Since the launch of the iPhone, apps have been big, especially in the games sector, which has seen some sell like AAA titles. Major developers have added the iPhone to their list of available platforms for existing titles, as well as moved to develop unique titles just for it.
It has been a great platform for the indie developer too, thanks to its great accessibility, seeing games from very small groups of people reach huge audiences.
New opportunities have been opened up for people left in the wake of the recession to start their own developer ventures, setting up new companies and designing games, knowing there will be an audience for them.
It is the mobile nature, unique interface, huge number of users, great accessibility to developers and the nature of the "app" (short, simple, high quality games with a focus on playability) that has been incredibly useful to many developers.
With games being so large, though, and the bar for quality being set so high, what challenges does fitting such a big game in a tiny device involve? More specifically, what does this entail for the "audio guy"?
Aside from the normal list of challenges facing sound in any game, there are an added series of problems to overcome and unique issues facing some routine procedures. This makes everything just that little bit harder, and to add to the confusion is the huge lack of information available to audio developers.

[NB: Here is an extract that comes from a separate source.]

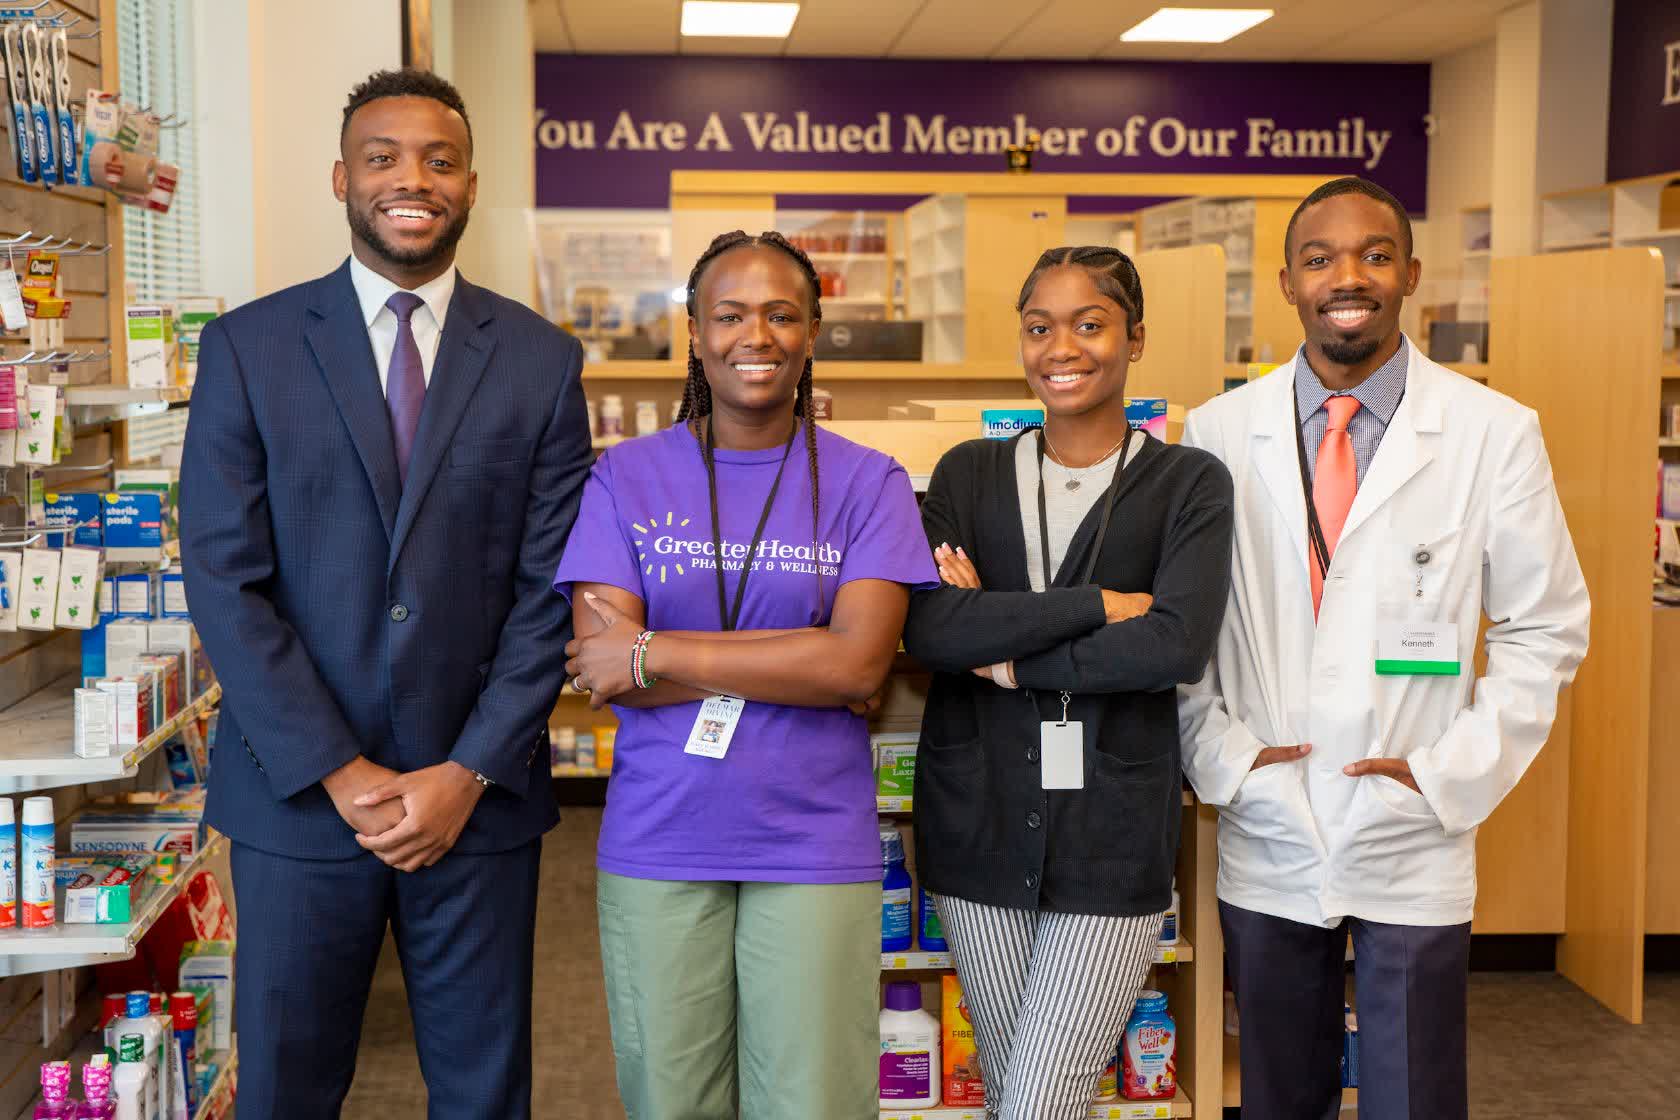 New Black-Owned Pharmacy Startup Combines Convenience Of Walgreens And Amazon To Bridge Gap In Health Care Crisis

What this feature hopes to achieve is a clearer understanding of what challenges the iPhone audio developer faces, how to overcome them, and, in fact, what game audio on the iPhone really means. In this article, I go into the design considerations you should make, how this affects the app, what technical concerns there are, what unique iPhone issues there are to overcome, aspects of user behavior, hardware concerns and the iPhone app as a genre.
These are all issues, problems, and topics I have encountered while developing audio for the iPhone and, in turn, (but not in all cases) have found a solution or at least some explanation for, which I hope to now pass on to other developers.

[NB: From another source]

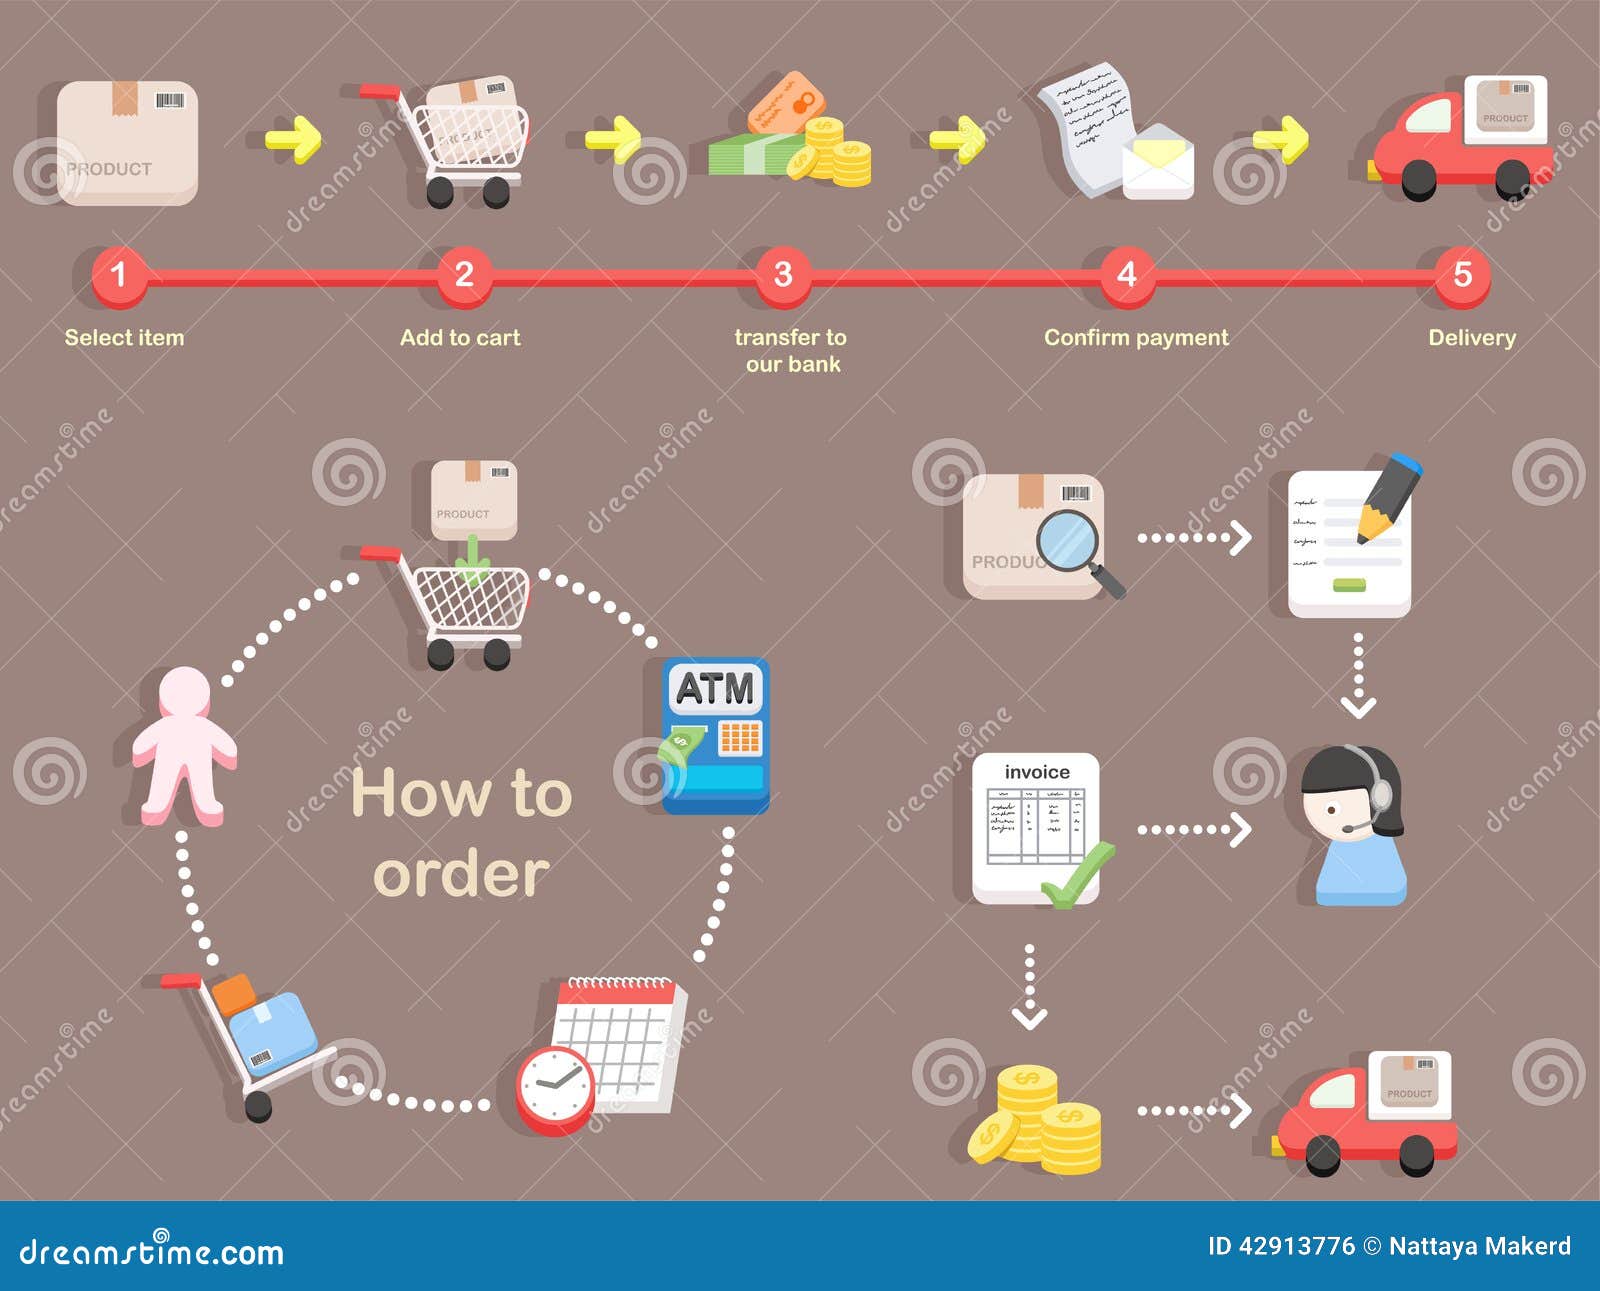 how to order - shopping process of purchasing

So what does it take to produce effective audio for the iPhone? Well, everything it takes to produce good audio for any game: dynamic soundscapes, an immersive soundtrack and great innovation -- only with a few added challenges thrown in for good measure!
You see, the iPhone is different from other platforms in a number of unique ways. Anything from the user interface, to the user him- or herself, is wildly different and far more diverse, leading to some very careful design considerations. The audio is no exception. Over the next few paragraphs I hope to shed some light on what these considerations should be and what you can do as the developer.
Possibly the biggest concern of any audio producer for the iPhone will be asset size. The scope of this topic is too large to fully address in this feature, but I write about this in more detail in my article "Audio for iPhone: Size Matters." The following, however, should give you a good grasp of what developers face.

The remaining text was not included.